Now I have to figure out how I get G’MIC into darktable, Christmas is approaching very fast ;-). To become serious again, the biggest problem I see with doing this at the end of the processing is that the crop I do in $RawProcessor will cause an alignment problem afterwards. But that’s a different story (unless you accidentally have a solution :wink:).

By the way, my gmic command did not accept “.” as parameter for the inpainting, only “[-1]”. Maybe a quoting problem.

If there are docs specifically about G’MIC/gimp layer interactions I haven’t seen them. Perhaps when I have more time I can write some on the wiki. It’s mostly straightforward (each layer becomes an image on the stack) but there are quirks; the non-removable alpha channel being one, another related to opacity 0 areas not being copied back to gimp - needs to be a gimp bug report really.

The dot image parameter issue could be down to version, it was only introduced recently. If not as you say could be escape character related.

Not sure if this will help but rather than creating layers in the GIMP I sometimes use Fotoxx. It uses them too but hidden from the user. One of the noise removal tools goes by the name of a top hat filter. Playing with the rad killed the noise. I then reduced size by 2/3. It has another feature - brightness distribution. I flattened that by a lot and use the deband option. Then used it’s tone mapping heavily to bring the contract back up from the flattening. Sounds odd but is useful. I allowed it to work on high contrast. Then the combo tool, curves, saturation and colour balance plus some work on the blue curve, lowering the dark end. Also tried spot white balance but no idea what it should look like.

Then in the GIMP. Wavelet decompose to try and get rid of the black line.

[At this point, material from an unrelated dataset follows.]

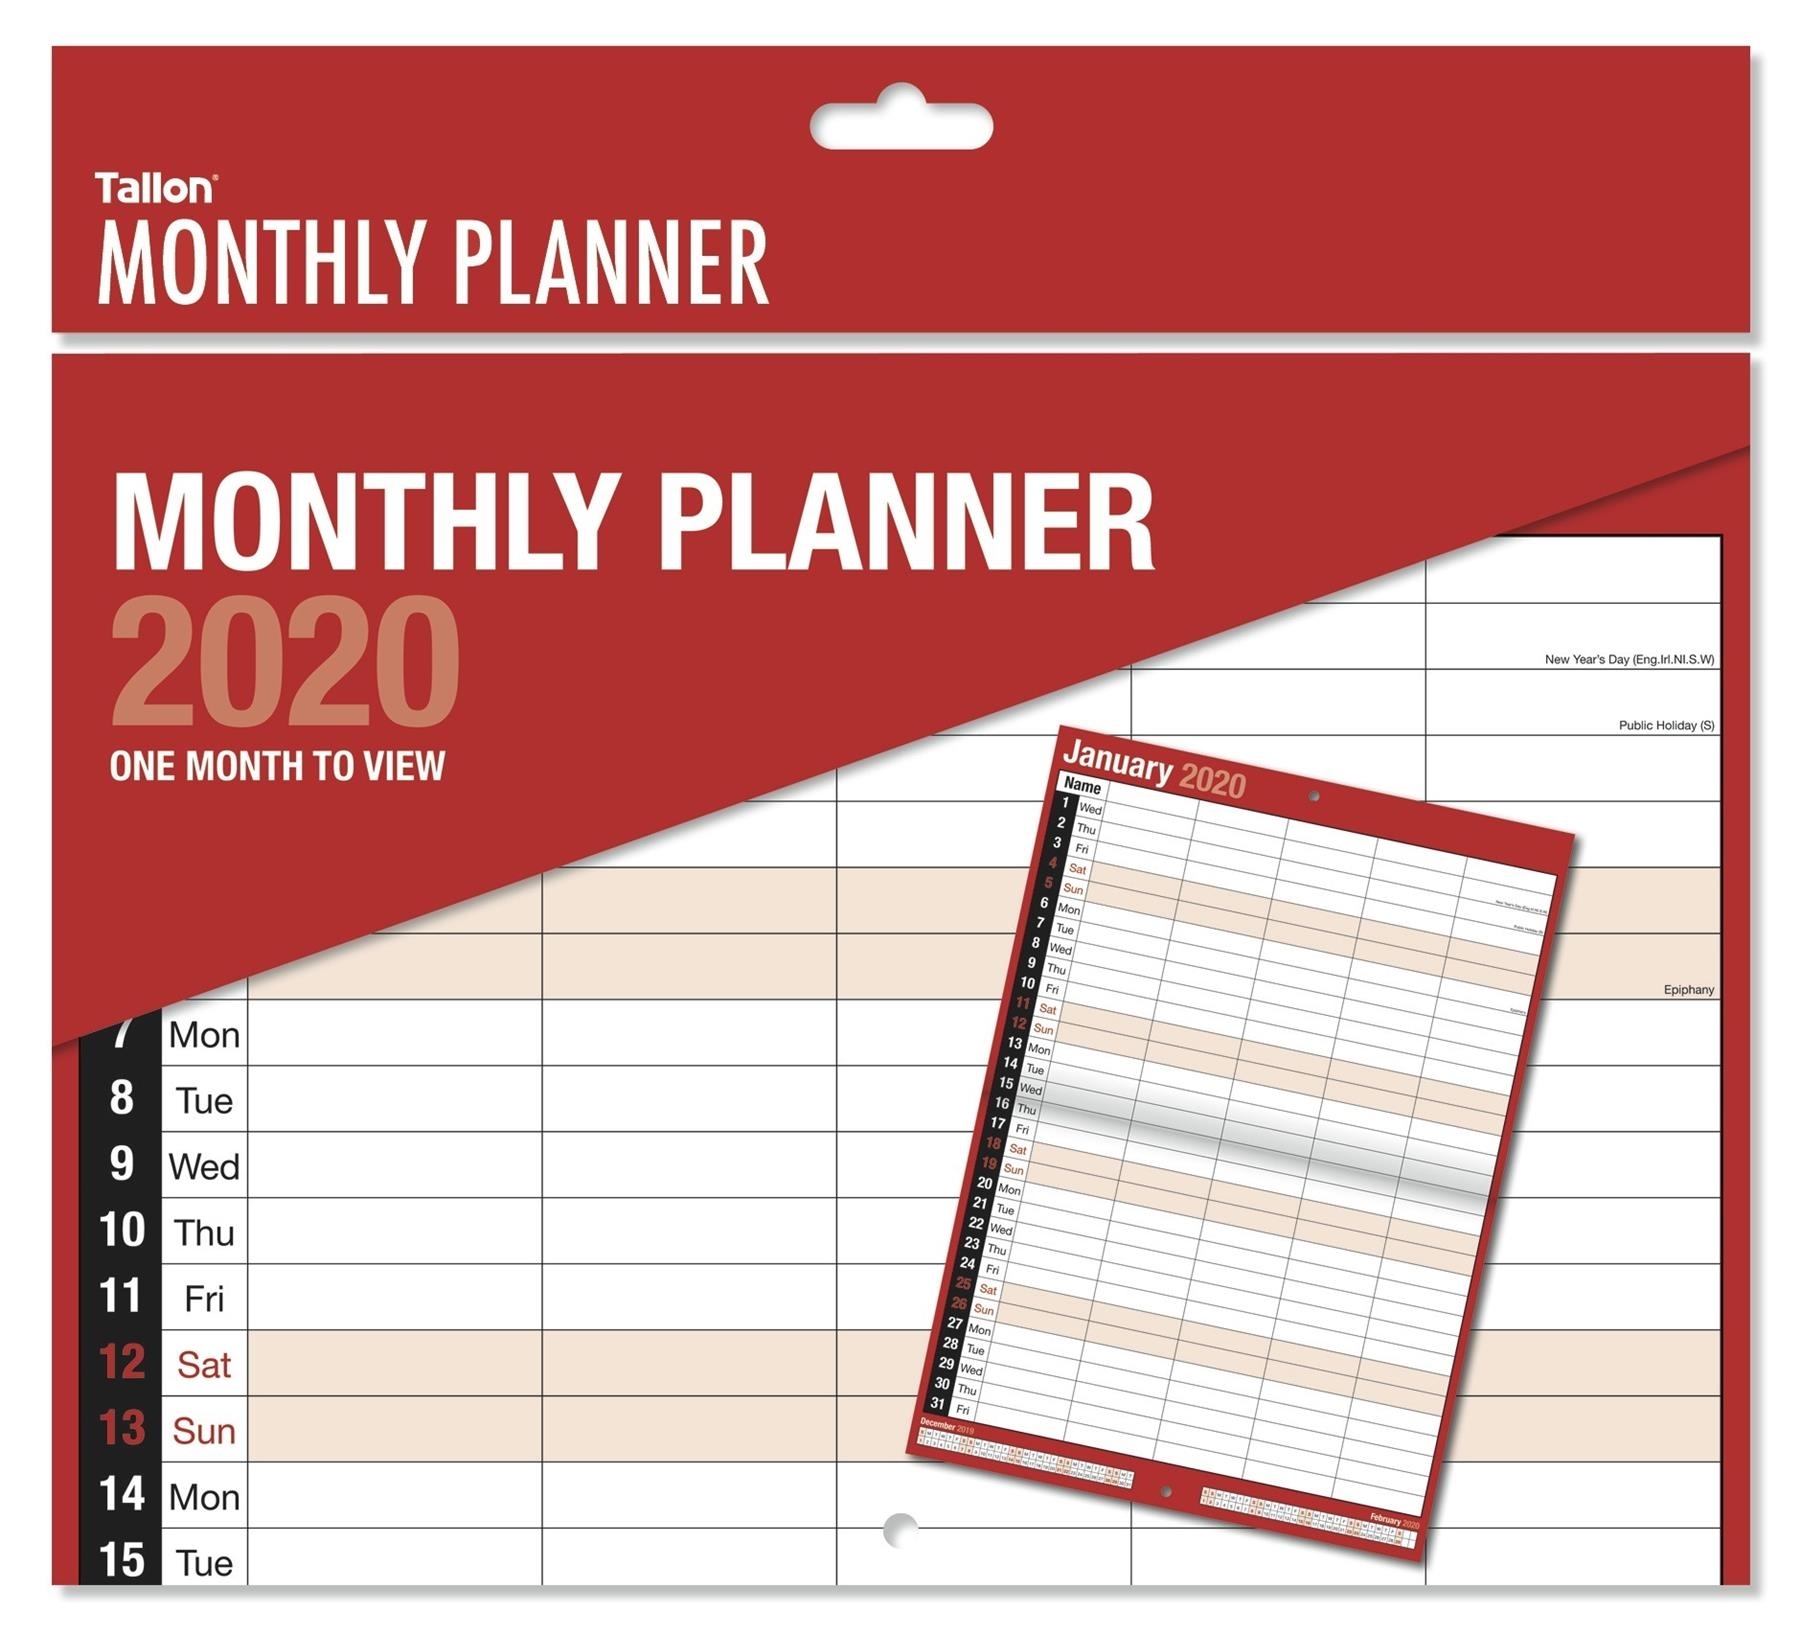 Details About 2020 Monthly Planner Month To View Large Wall Hanging  Calendar 5 Column Tal-3813

Might be possible but will takes some time. I’d wonder if it was possible in this case to simply cut it out. Something like 2 layers one part transparent no line overlapping the line and then scale to make the joins match,

Anyway result on noise removal and some of the line toned down. Few spots left but they would heal easily.

Fotoxx is a Linux package - :slight_smile: Aren’t we lucky.